Sometimes the cursor draws without any click, and ruins all your previous
work, and you can't turn it off (maybe a bug). Then I tried other way. What if
I just draw a small part, and save it? Before save it automatically cropped my
pic for best fit (if you resize your drawing area, you lost everything).

So, for about the tenth time, I finally finished my "nyan cat", and published
it, to see what's gonna happen? Some time after, I got an email, that they
refused to publish it, and gave me some bullsh*t (one or more of the
following) reasons. So one, or more? Why don't they tell me specifically? And
some of the reasons were hurtful for someone, who tried so hard to finish
something.

Anyway... As I sad before, I like the idea, but the implementation is pretty
flawed, and painfully slow.

------
stevenrace
So are the 'classic' sprites public domain?
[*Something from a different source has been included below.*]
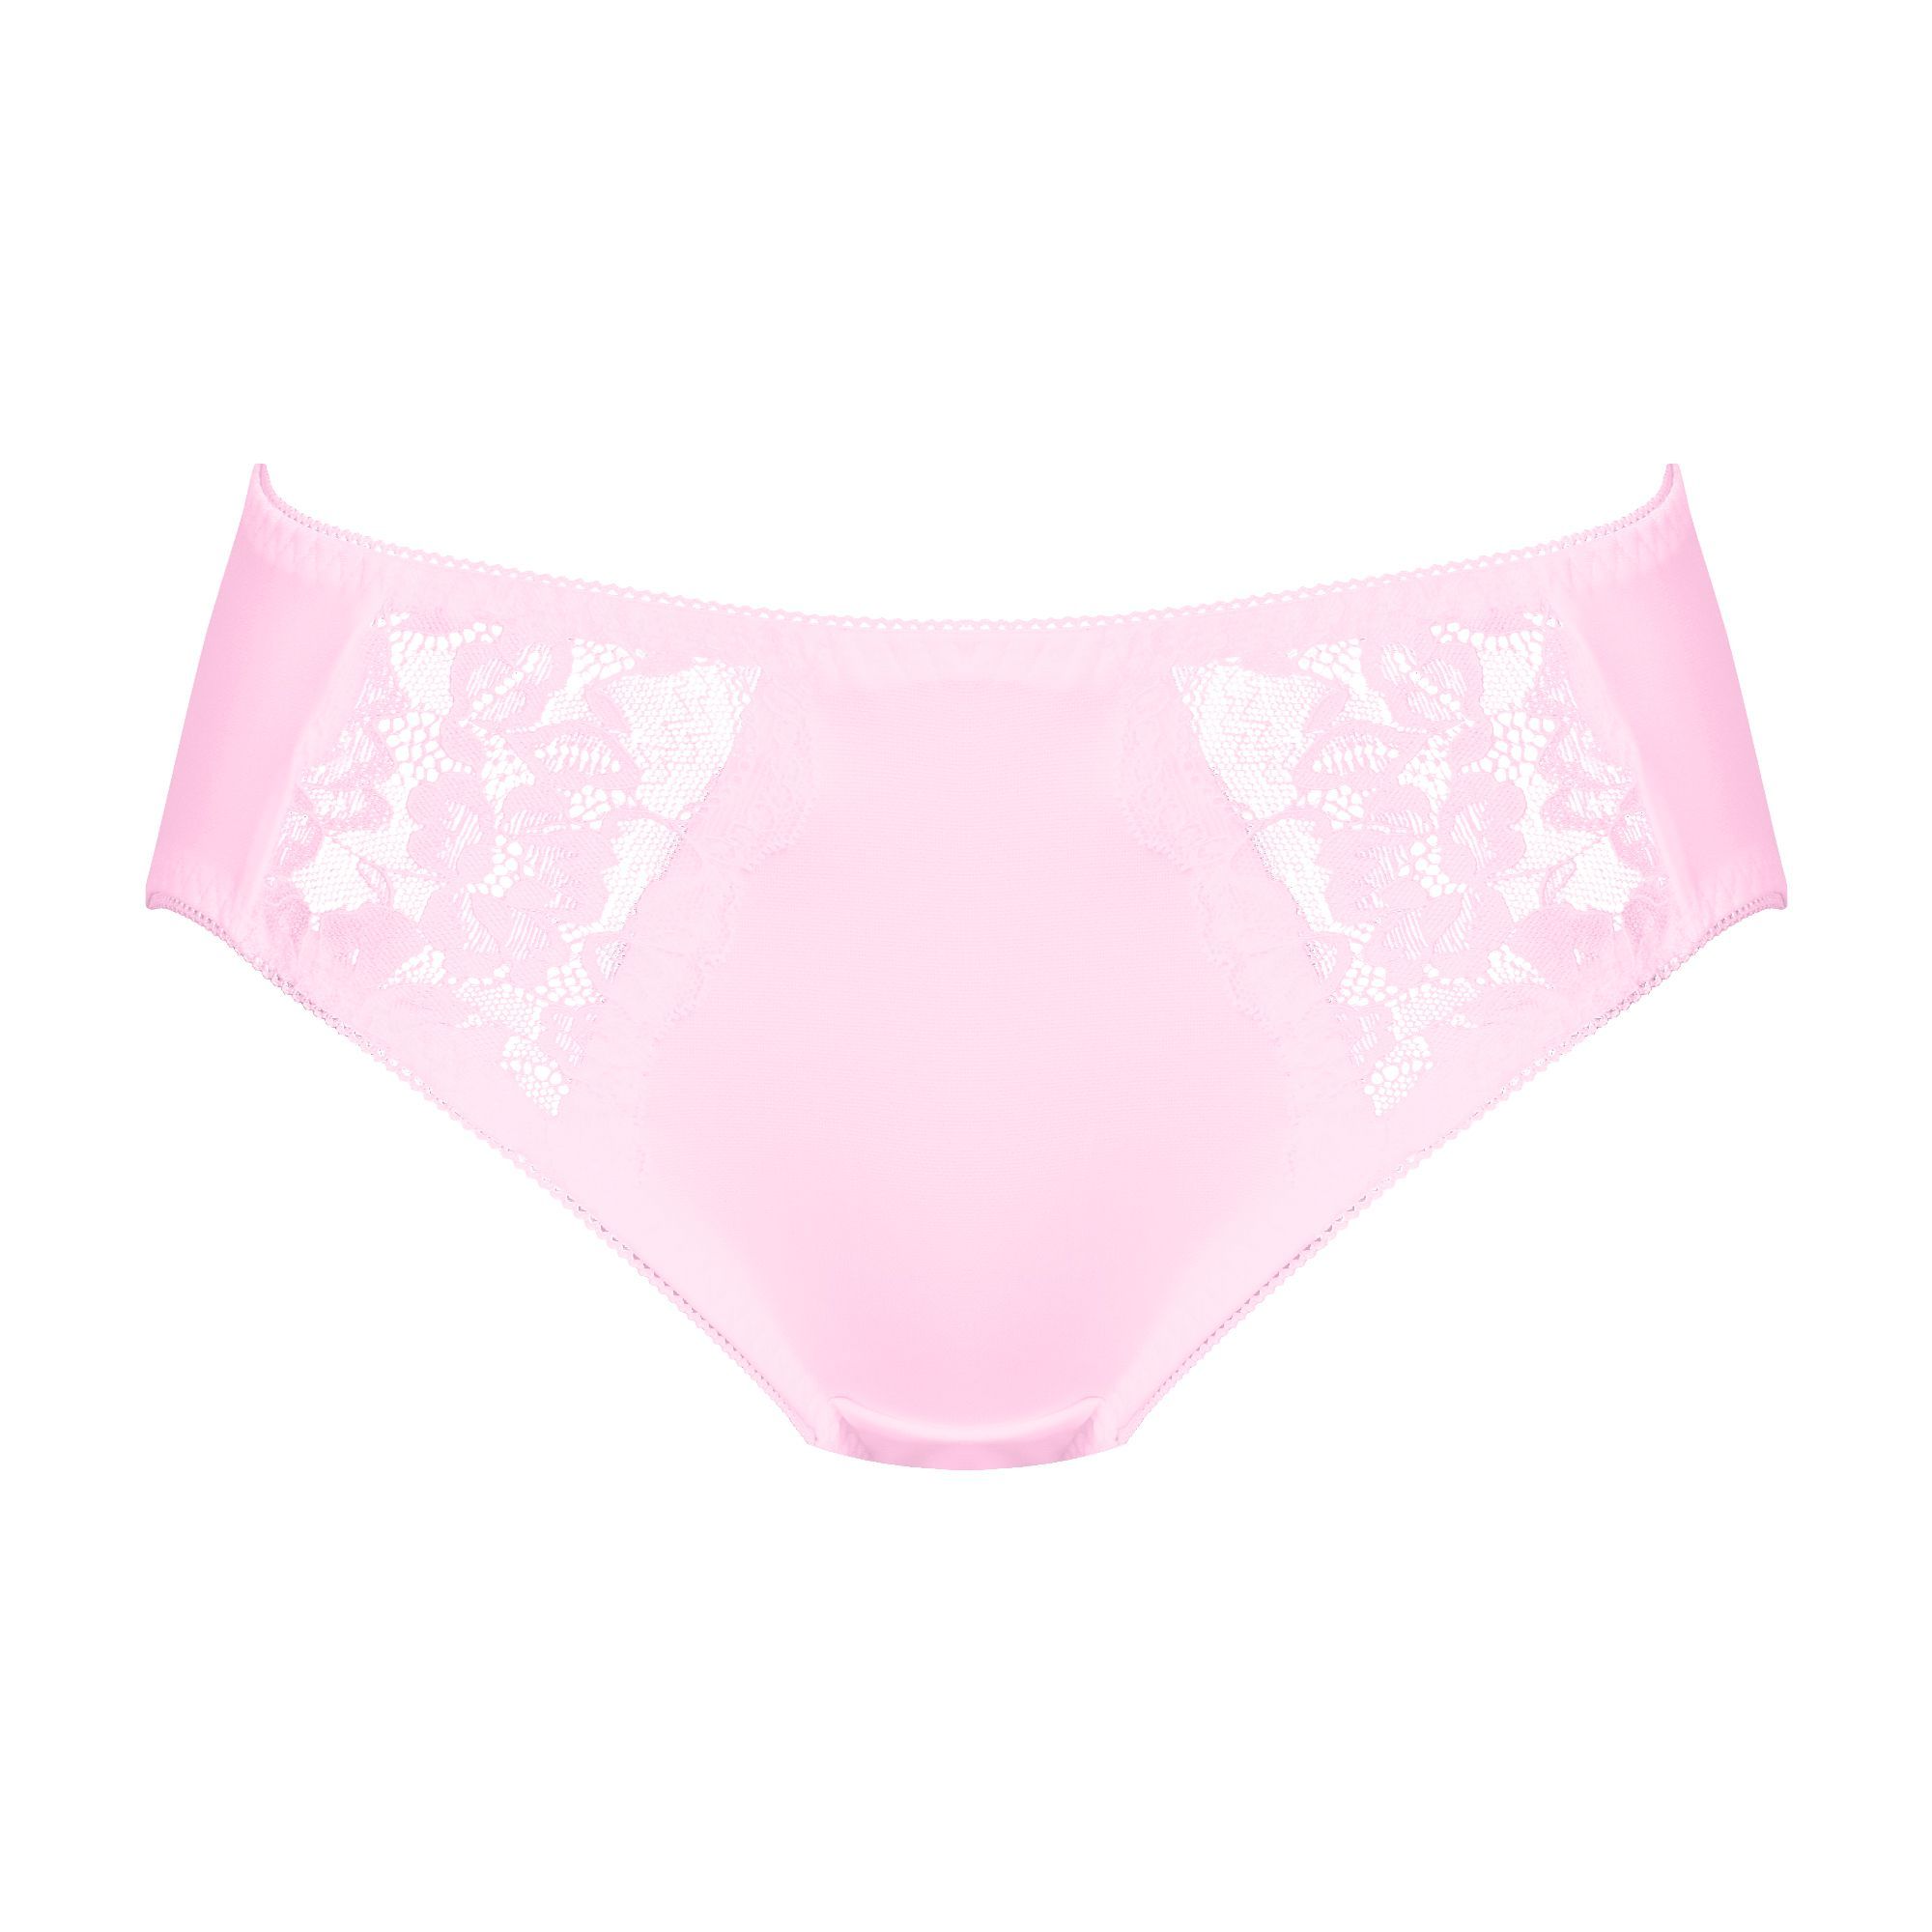 IFG Trend 012 Panty for women buy online at

I'm sure the other characters are
some minor variation of the original - but it leaves me wondering if copyright
has a lower threshold/bound in terms of resolution?

In a 7x7 grid theres still a lot of variations (2^49?) - ranging down to the
'single pixel' works of early 20th century avant-garde monochromatic
paintings.

Anyhow, neat product and I'm sure even a lawsuit from Midway/Atari would be
good press.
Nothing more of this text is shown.